■ The task: Print the entire listing below word for word, excluding its pictures.

■ Supplied information:
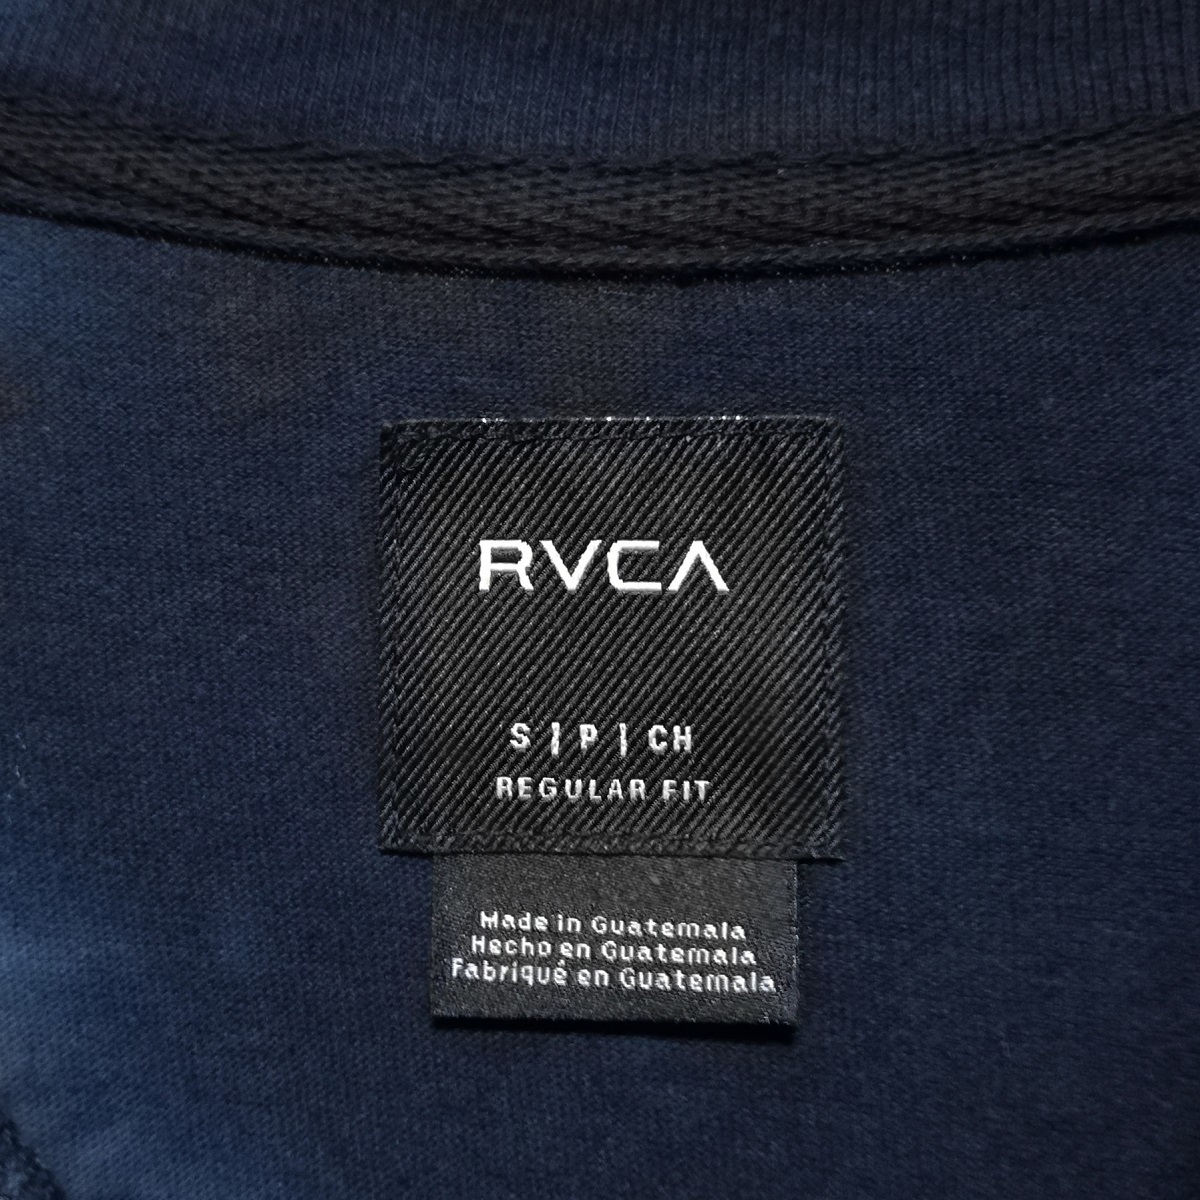 RVCA ルーカ ネイビー VA タイダイ 柄 メンズ クルーネック 半袖 ポケット Tシャツ S 紺 美品 サーフ サーフボード スケボー スノーボード_画像5
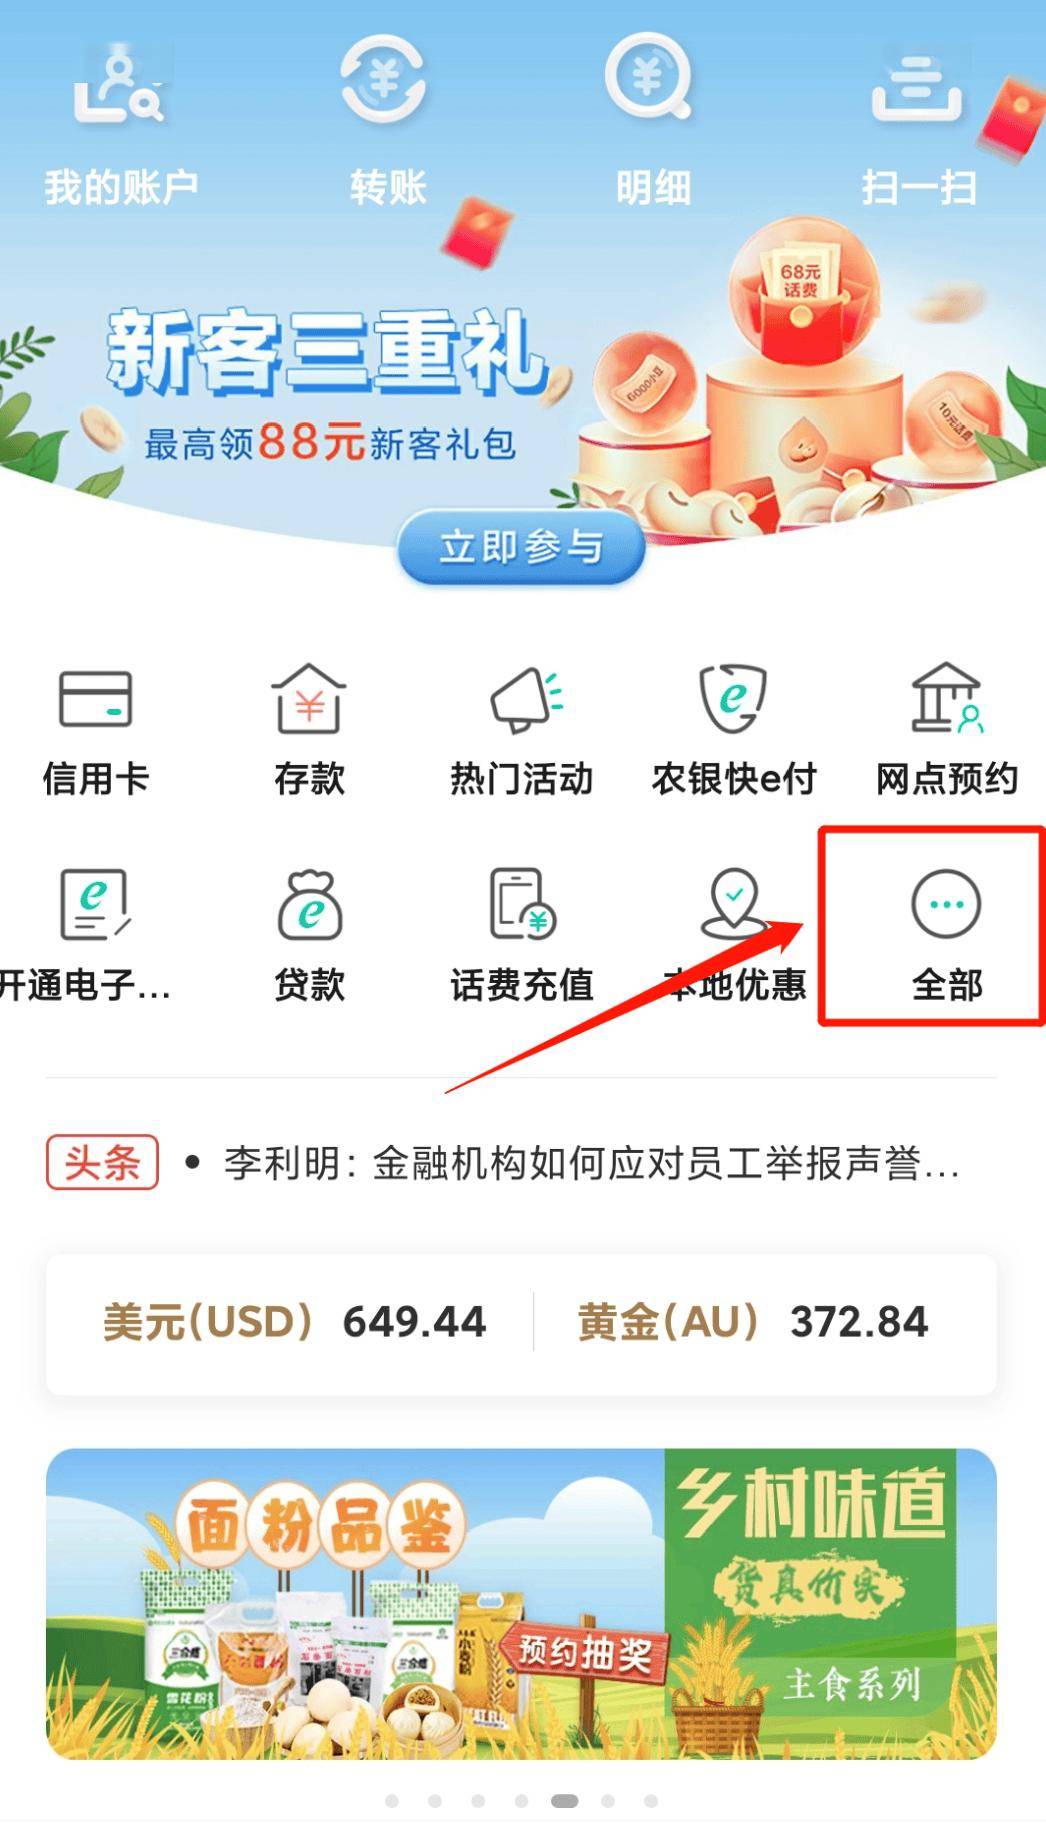 1下载中国农业银行appapp端三https://e
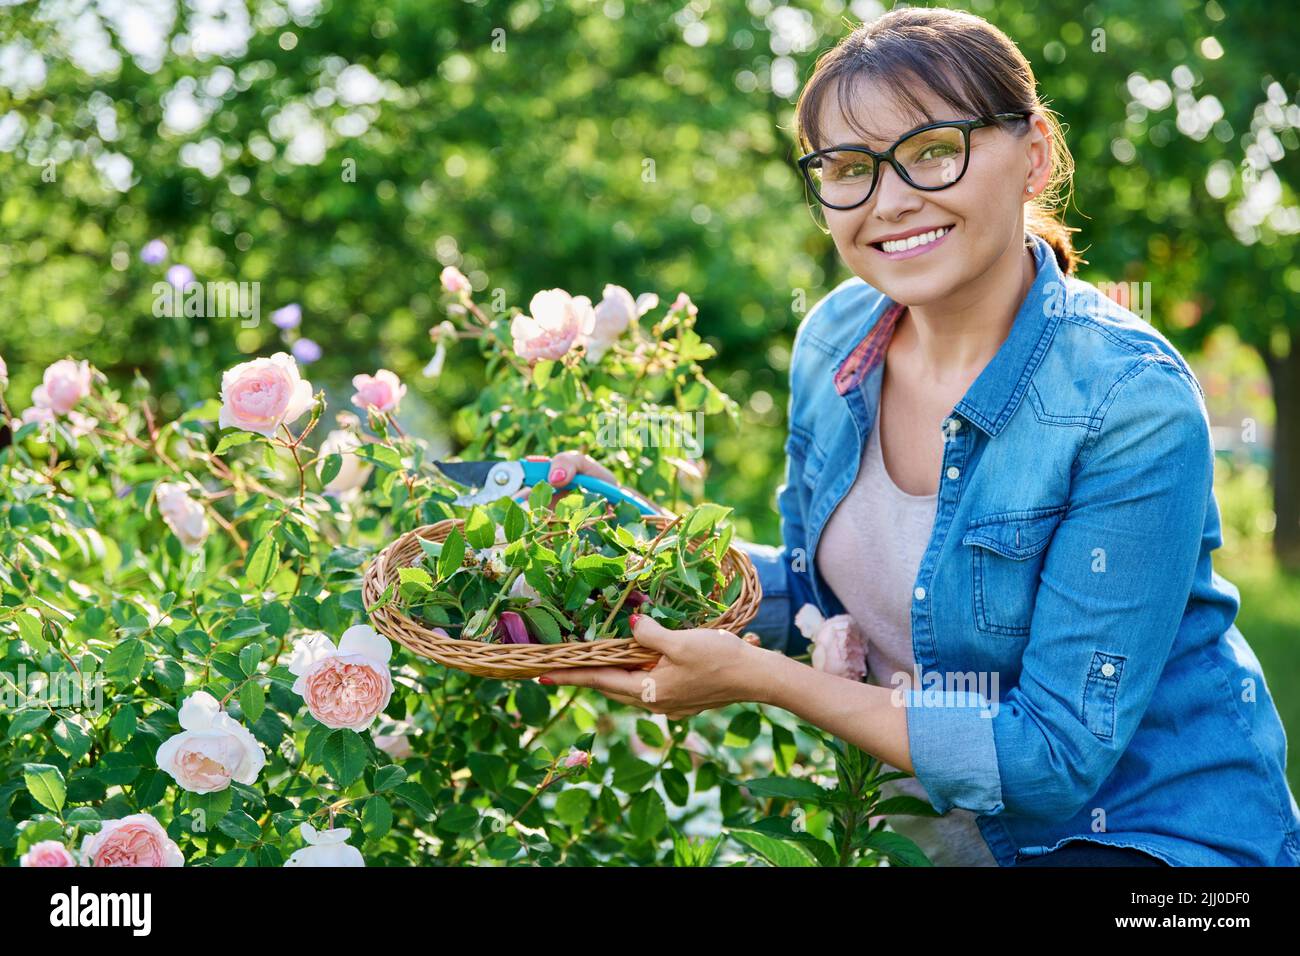 La femme s'occupe de la roseraie dans le jardin fleuri, en enlevant les fleurs sèches décolorées Banque D'Images

■ Problem solution:
 RVCA ルーカ ネイビー VA タイダイ 柄 メンズ クルーネック 半袖 ポケット Tシャツ S 紺 美品 サーフ サーフボード スケボー スノーボード_画像5
 1下载中国农业银行appapp端三https://e
 La femme s'occupe de la roseraie dans le jardin fleuri, en enlevant les fleurs sèches décolorées Banque D'Images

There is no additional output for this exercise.